--- START ---

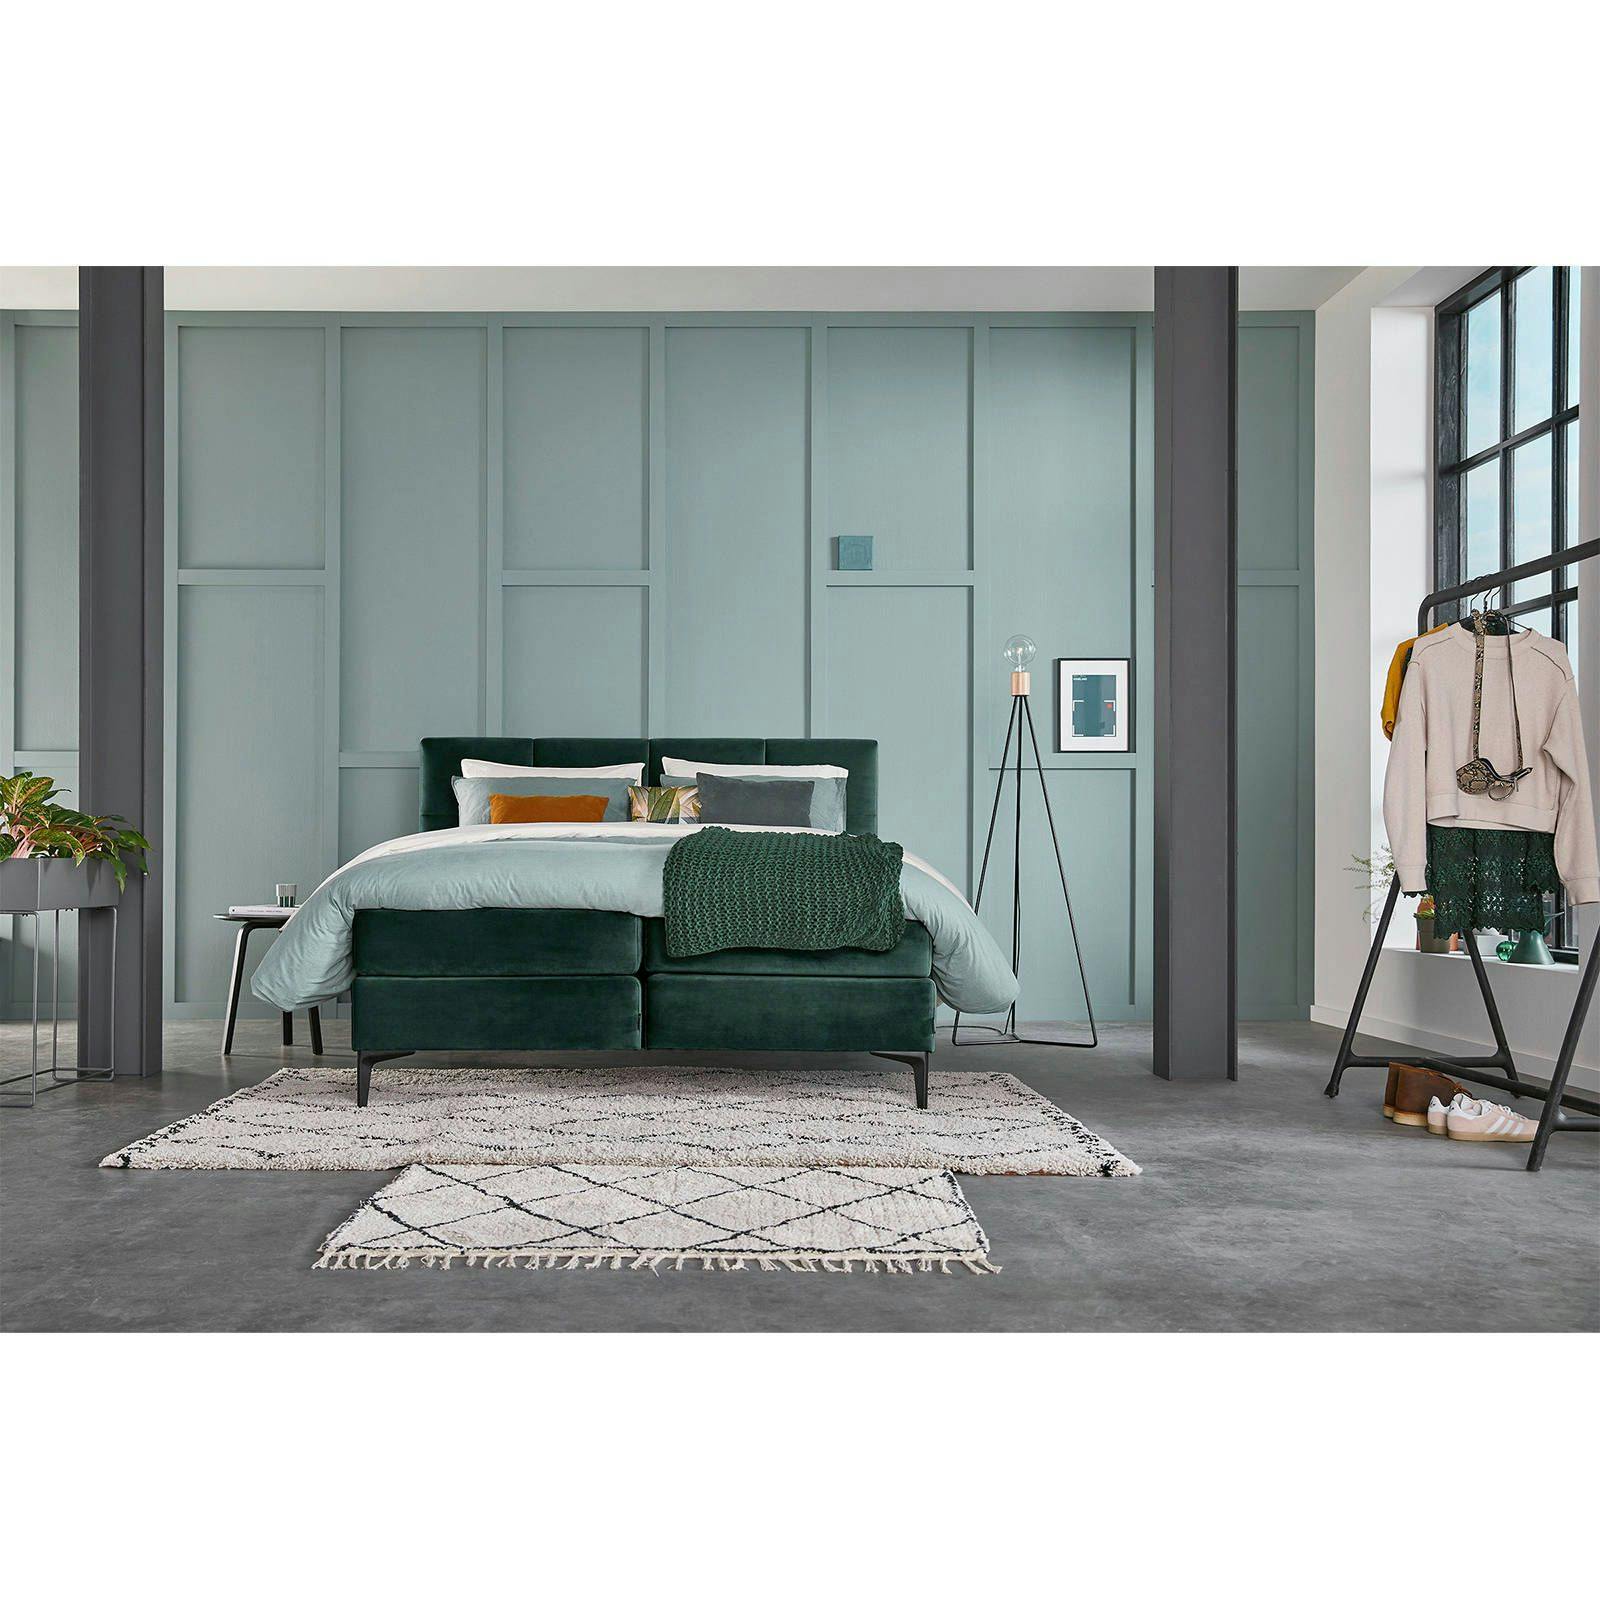 slaapkamer-meubels-groen
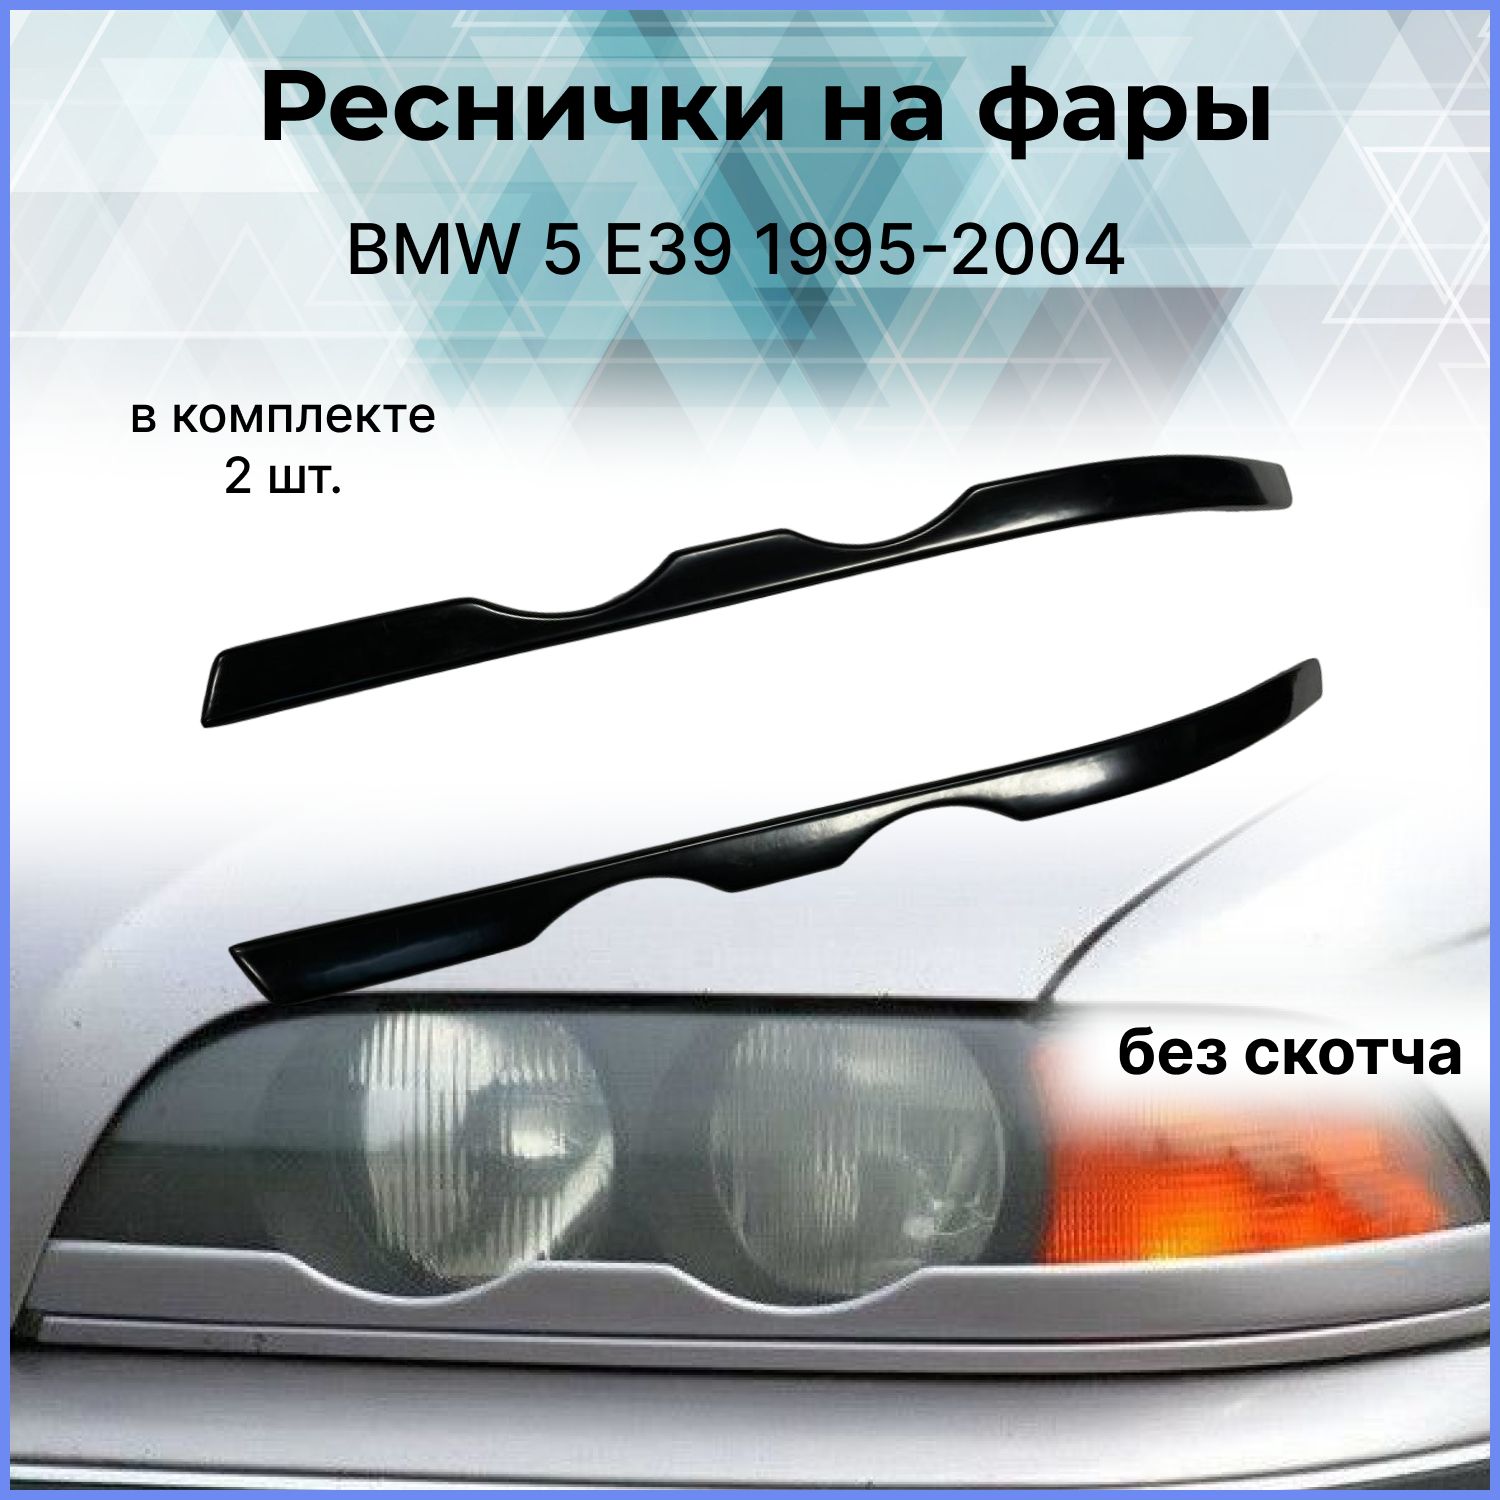 Реснички на фары - BMW E39
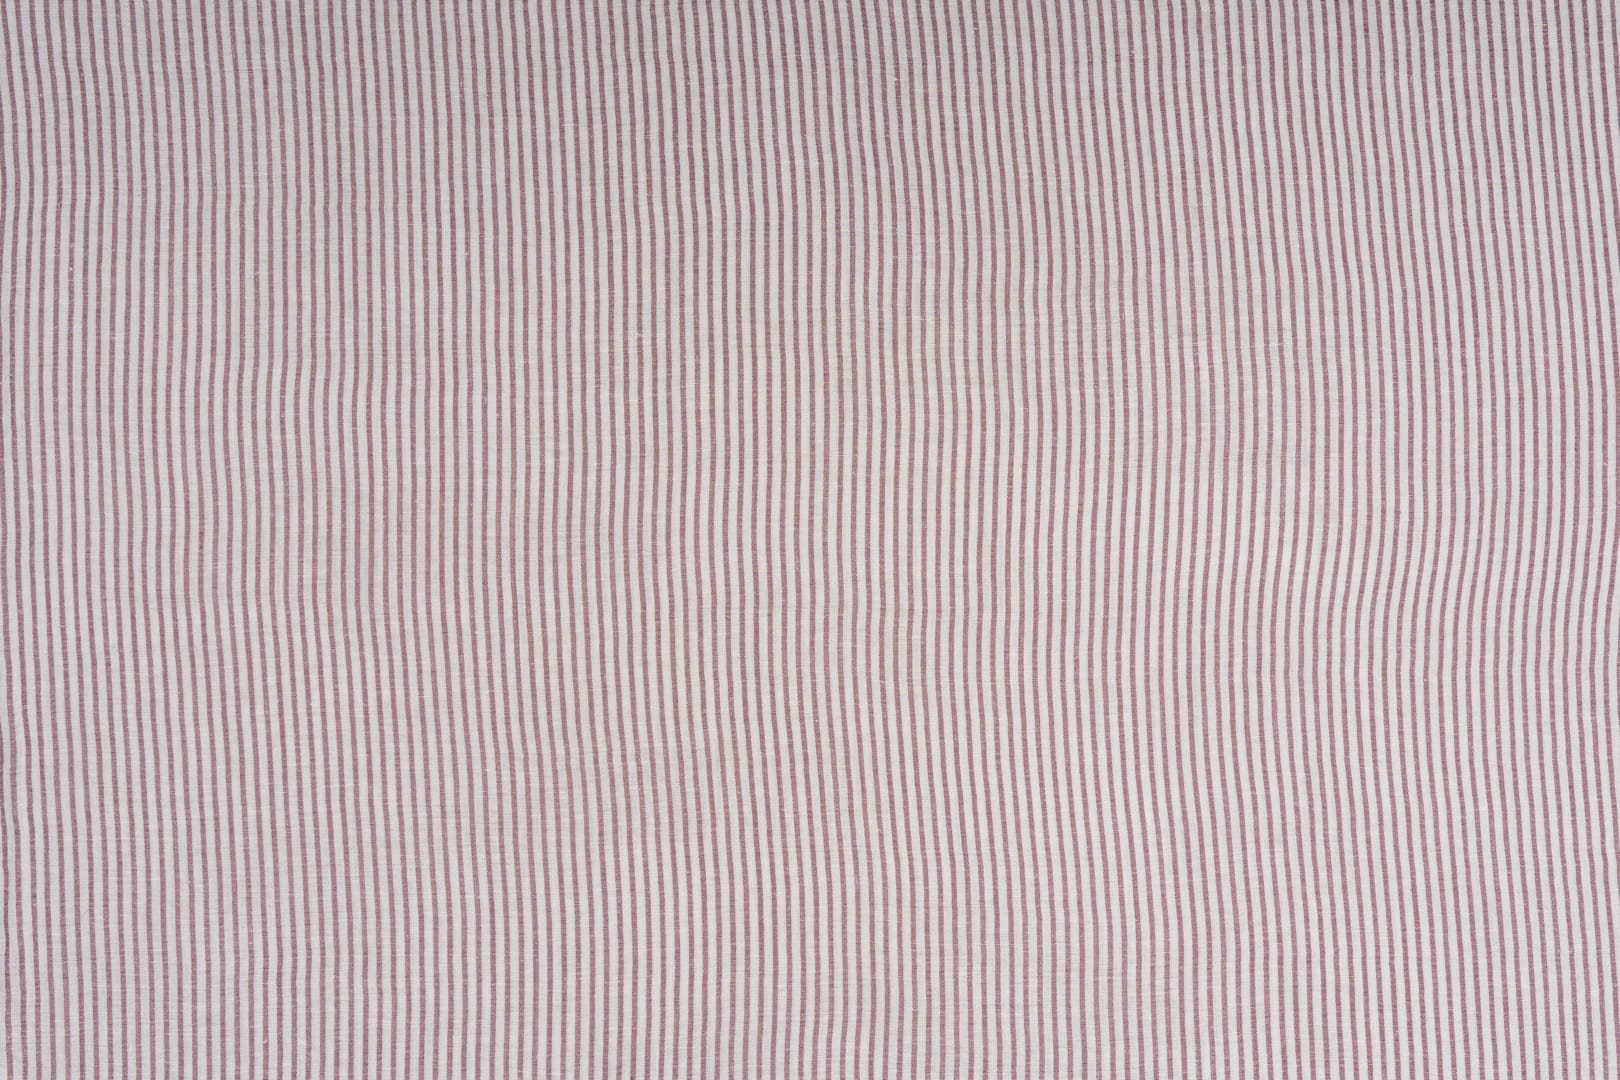 J1843 POGGIOREALE 029 Corallo home decoration fabric

--- END ---

WHAT NEEDS TO BE DONE
Leave the pictures out and output the rest of the listing exactly.

RESULT BELOW
 slaapkamer-meubels-groen
 Реснички на фары - BMW E39
 J1843 POGGIOREALE 029 Corallo home decoration fabric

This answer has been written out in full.